One drawback of Facebook that is the “like” button exists, but not a “dislike” button. You can blow through and say hi quickly, even if you don’t have a meaningful contribution other than, well, liking something. Sometimes that’s all you have to say, you want to say, you need to say.

This part of the state is a huge, congested, house-to-house, strip mall-to-strip mall, highway-to-highway swath of sublurbia. Traffic is exactly the opposite of Facebook: we’ve only got a “dislike” button, and you can’t casually blow through it.

Not much of the friendly neighborhood “hi there!” honks going on; more the “wake up, snoozer,” your “put down the CrackBerry,” and the “get a flipping move on!” You can’t do much when you’re stuck in traffic if someone does do something nice; you have to “thank” people by waving widely and carefully, tapping your breaks in the non-get-off-my-butt way. The horn of “yay” can get lost if there is a chorus of “what part of GREEN don’t you understand!” drowning it out.

But traffic was high drama today; commuter vs nature again.

I pulled up to the light as the train crossing gates came down, and settled in to wait the crossing out. Depending on the engineer, the gates might be down just long enough to let the commuter train pass, or clog us up a while awaiting a late boarder, or because the engineer parked a little off.

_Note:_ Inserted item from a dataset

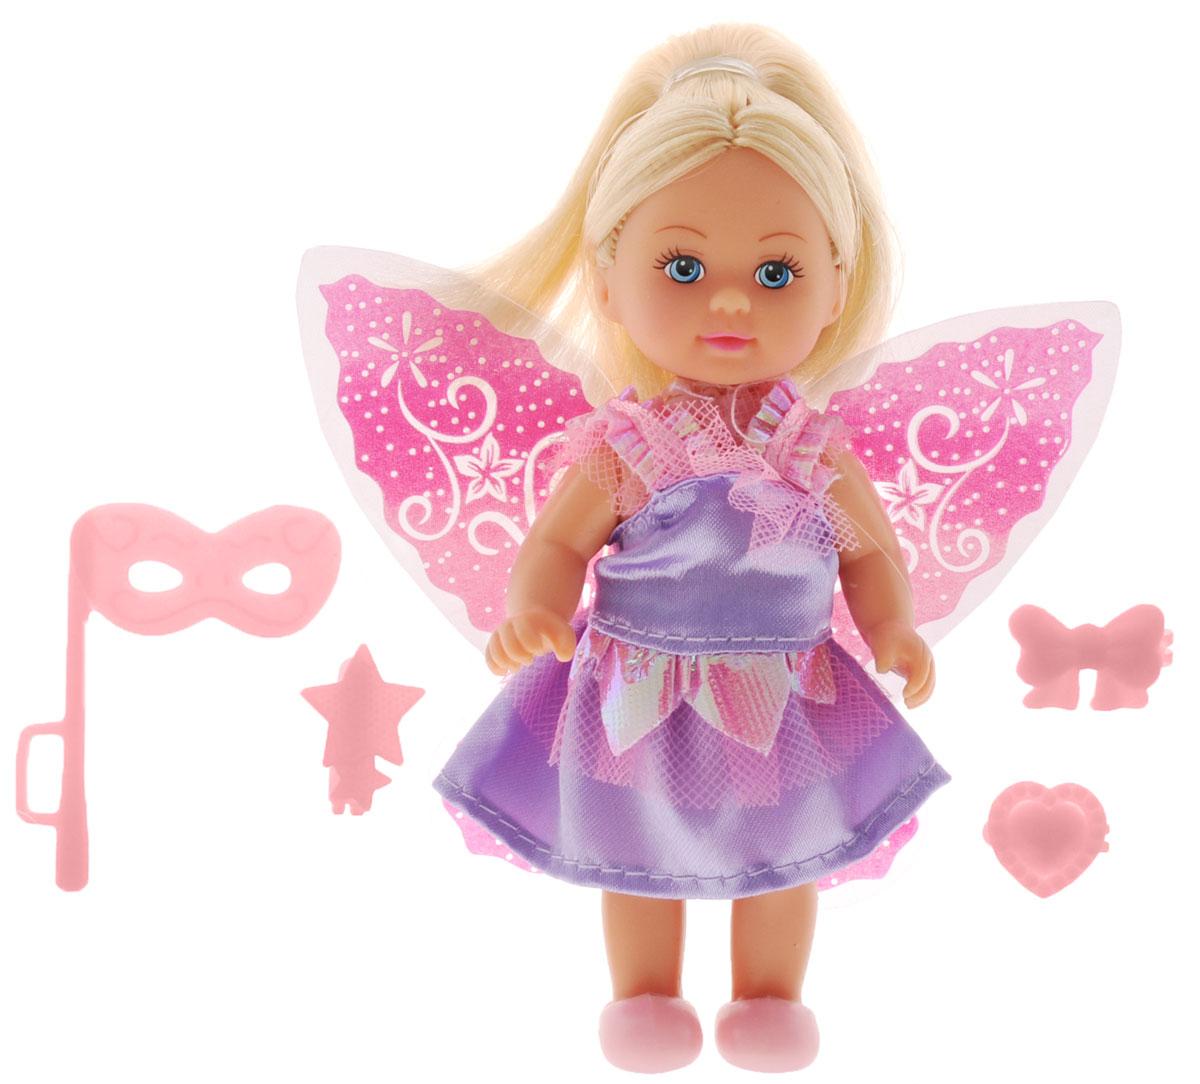 Simba Мини-кукла Еви-фея5736592_сиреневое платьеМини-кукла Simba Еви-фея порадует любую девочку и поможет ей погрузиться в сказочный мир волшебства. В комплект входит кукла Еви и стильные аксессуары. Кукла одета в длинное платье, украшенное блестящими вставками, на ногах у нее - удобные ботиночки. За спиной Еви - прекрасные крылья феи. Вашей дочурке непременно понравится заплетать длинные белокурые волосы куклы, придумывая разнообразные прически. В комплект также входит маскарадная маска и 3 заколки: в виде звездочек, сердечка и бантика. Заколки, крылья, ботинки и маска светятся в темноте. Руки, ноги и голова куклы подвижны, благодаря чему ей можно придавать разнообразные позы. Игры с куклой способствуют эмоциональному развитию, помогают формировать воображение и художественный вкус, а также разовьют в вашей малышке чувство ответственности и заботы. Великолепное качество исполнения делают эту куколку чудесным подарком к любому празднику.

As we waited, a small bird I can’t identify but looks like a sand piper (I know, wrong part of the country, five miles from the ocean) hopped off of the curb to cross the street. She walked a quarter of the way, and turned back. Back and forth a few times until even smaller birds, four in all, began crossing in her wake.

The crossing gates rose, and not all of the babies had made it across. Traffic to my right got the green, and an older sedan started slowly, quite slowly, watching to make sure all the babies would be okay. The SUV (driver on phone) next to him started slowly, unaware of the drama but unsure of the sedan’s motives. From her vantage point, she couldn’t see the birds, but managed to miss them, only scaring us by causing a couple of the little ones to tumble and huddle as we held our breaths, waiting for them to rise.

The birds got three quarters of the way across. Our light clicked green. No one in the front rows moved; the cars to the left waiting for the last babies to cross, the cars to the right showing solidarity. The cars behind us started honking, unaware of the real-time Wild Sublurbia scene directly ahead. We inched, showing movement while not actually crushing the birds. I debated honking to scare the birds on, but they finally crossed. Time for my “I like this” honk … but there isn’t one. But if you read this, white, older, east-bound sedan, and west-bound newer, dark colored sedan, I LIKE THIS! Bravo.